Required action: Would you please transcribe the listing exactly, with no images?

___ Data shown

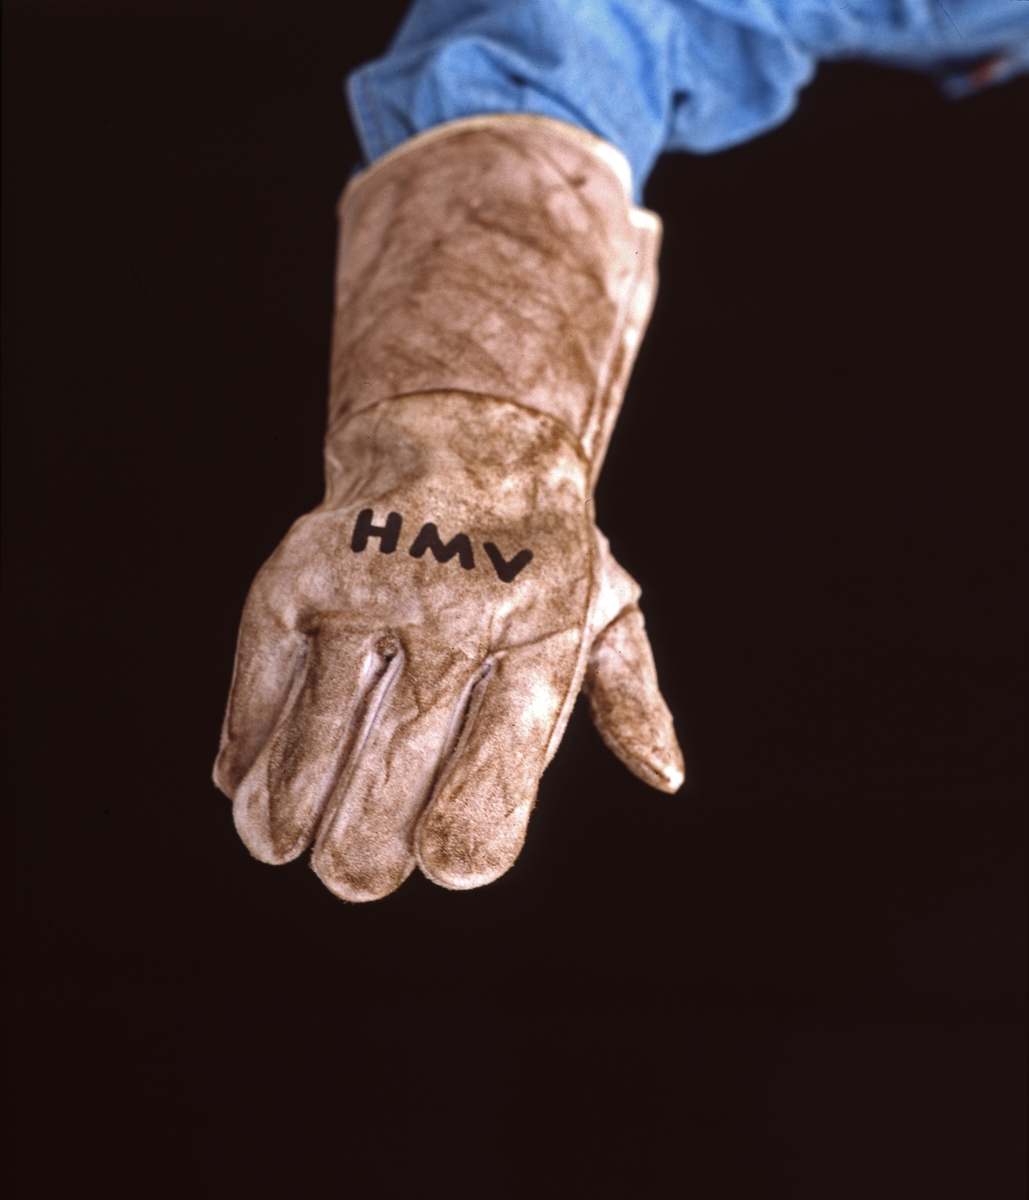 H.M.V. Arbeidshanske med HMV påtrykket. Reklamefoto.
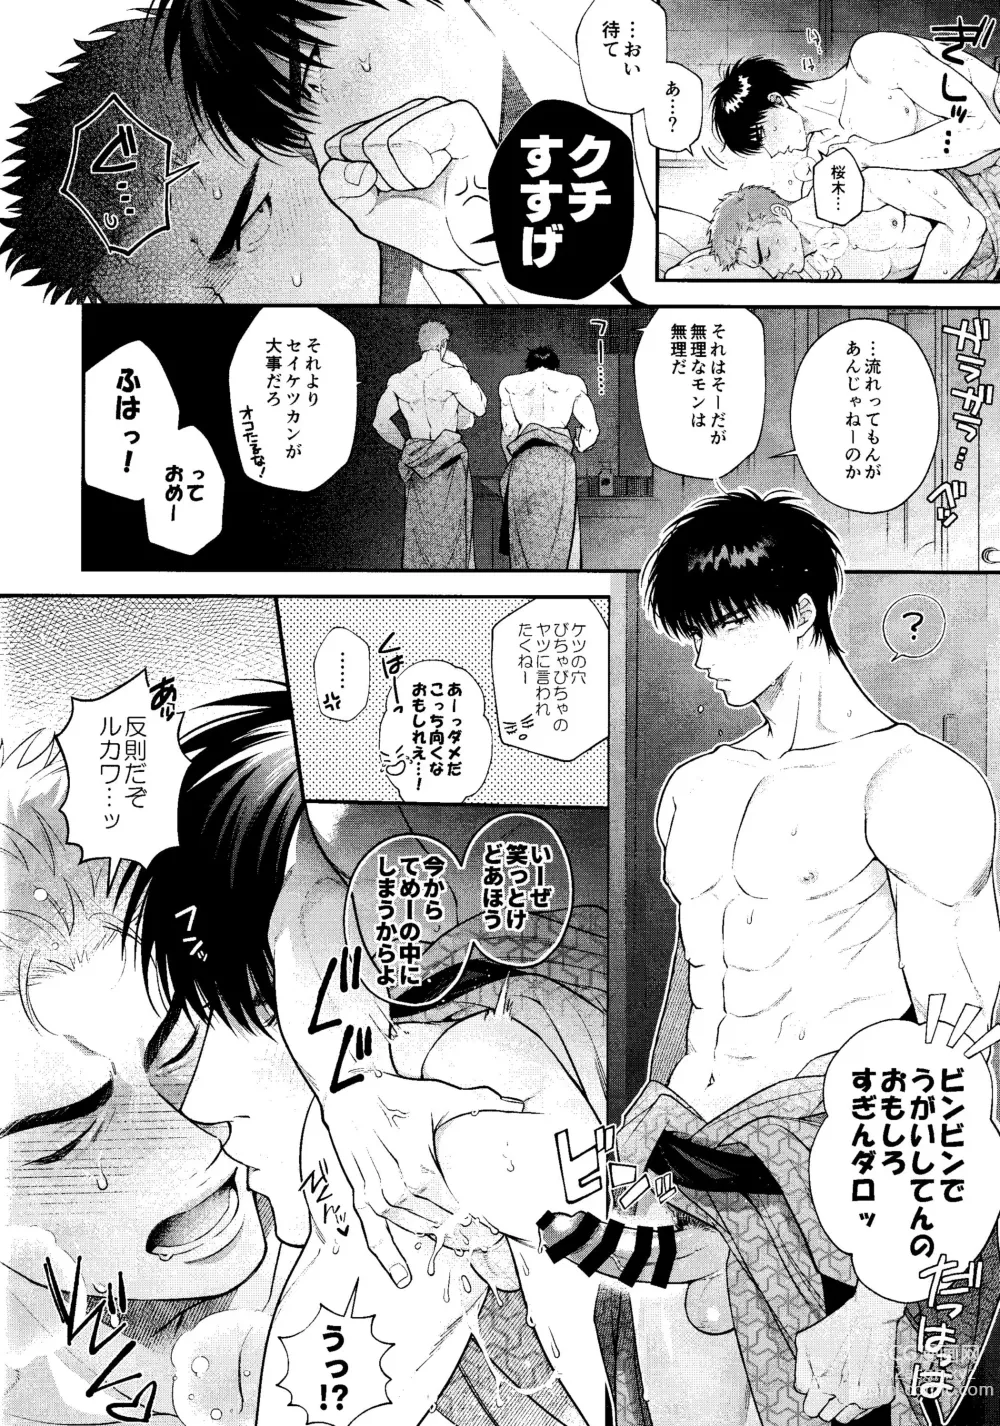 Page 10 of doujinshi Subeteha Kawaii teme-no Sei!
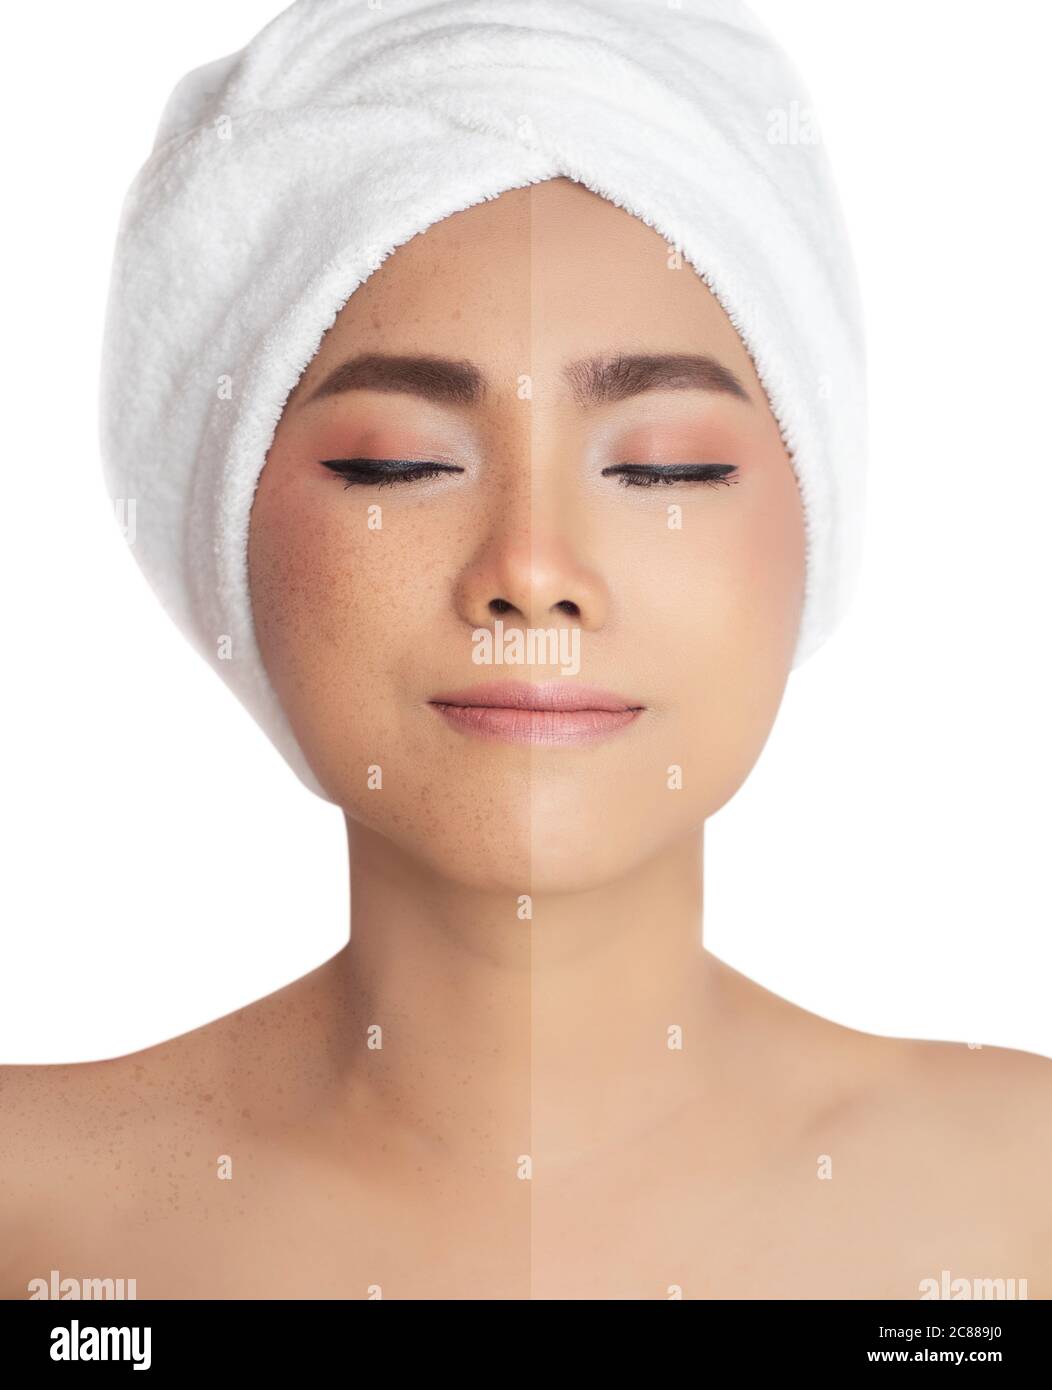 Bilder vor und nach retuschieren Sommersprossen verglichen , Sommersprossen Pigmentfleck Entfernen und Heilung vor und nach der Laserbehandlung auf asiatische Frau Gesicht Stockfoto
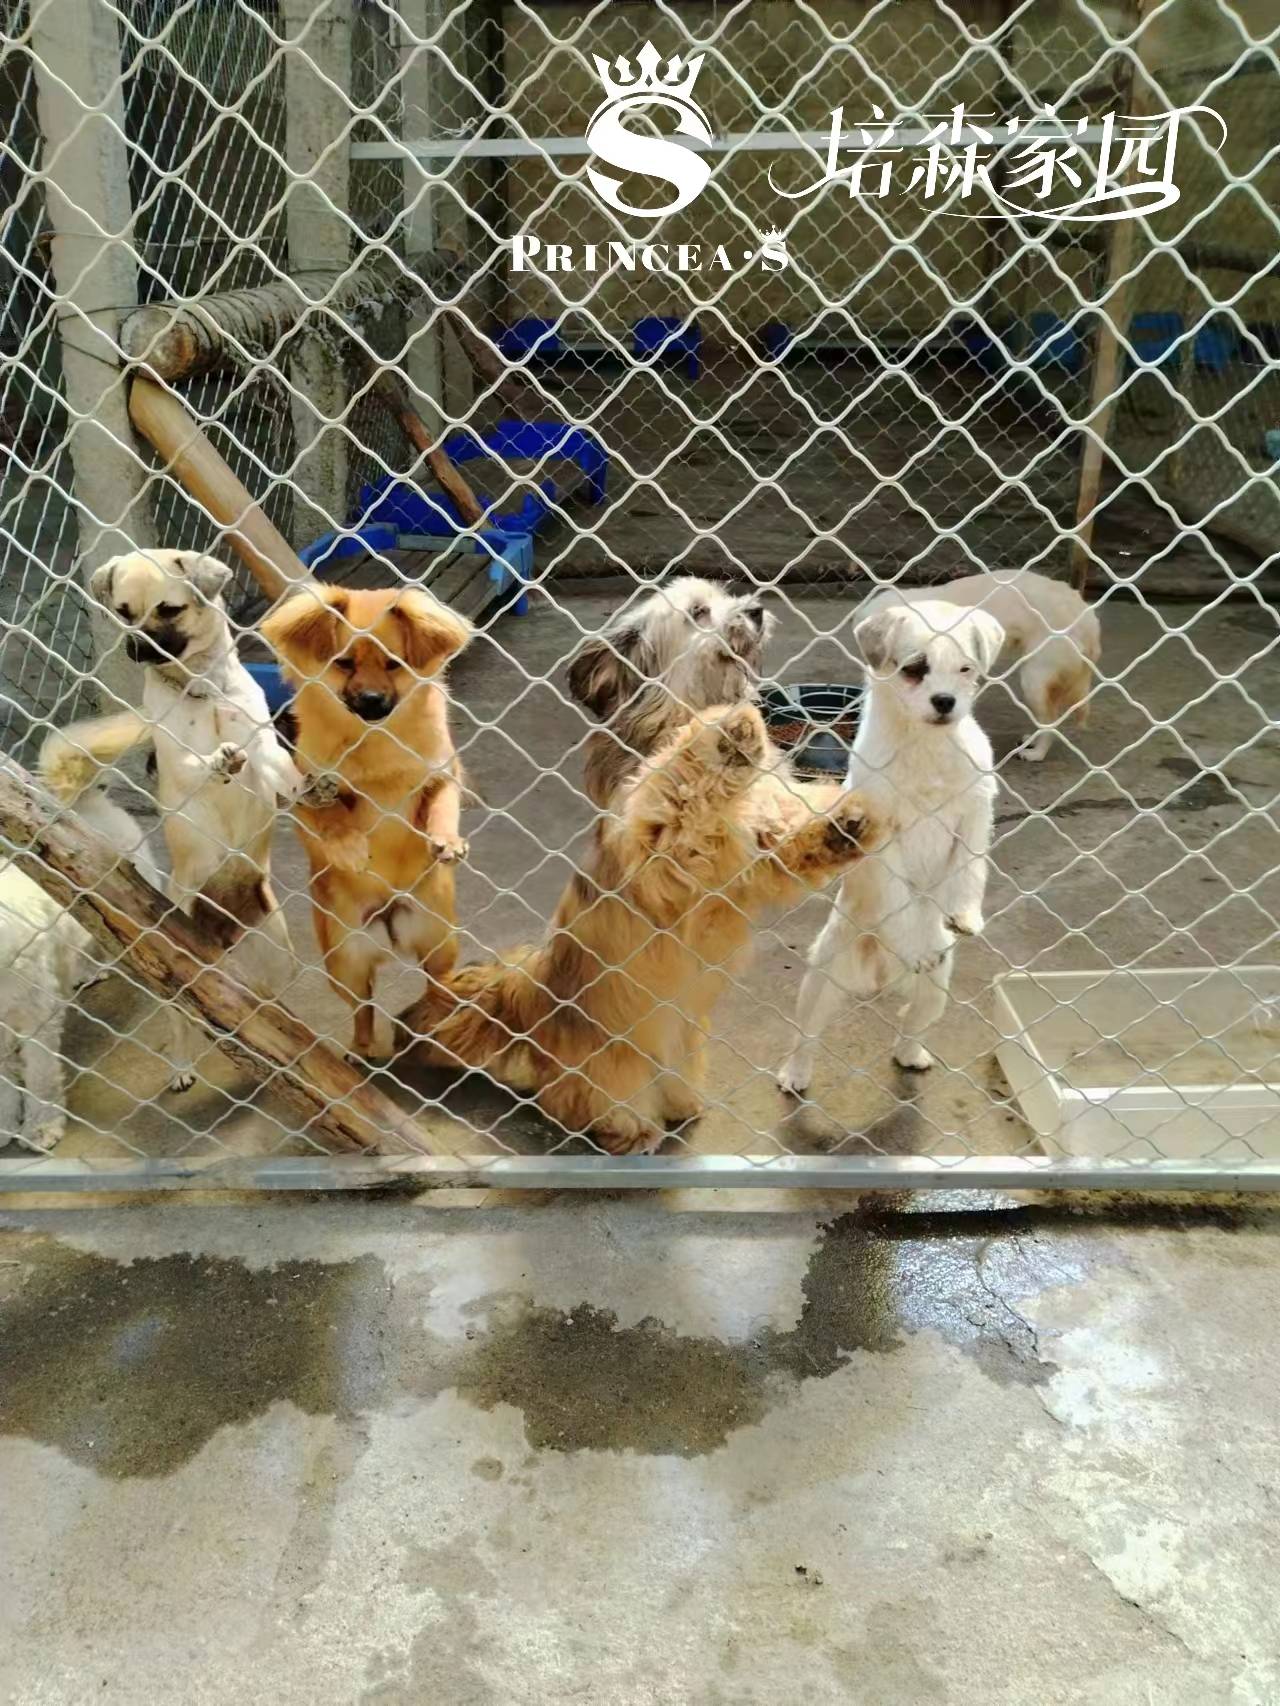 凤城爱心救助流浪动物基地—从不放弃每一条流浪猫狗！

______

Your solution:
 H.M.V. Arbeidshanske med HMV påtrykket. Reklamefoto.
 Page 10 of doujinshi Subeteha Kawaii teme-no Sei!
 Bilder vor und nach retuschieren Sommersprossen verglichen , Sommersprossen Pigmentfleck Entfernen und Heilung vor und nach der Laserbehandlung auf asiatische Frau Gesicht Stockfoto
 凤城爱心救助流浪动物基地—从不放弃每一条流浪猫狗！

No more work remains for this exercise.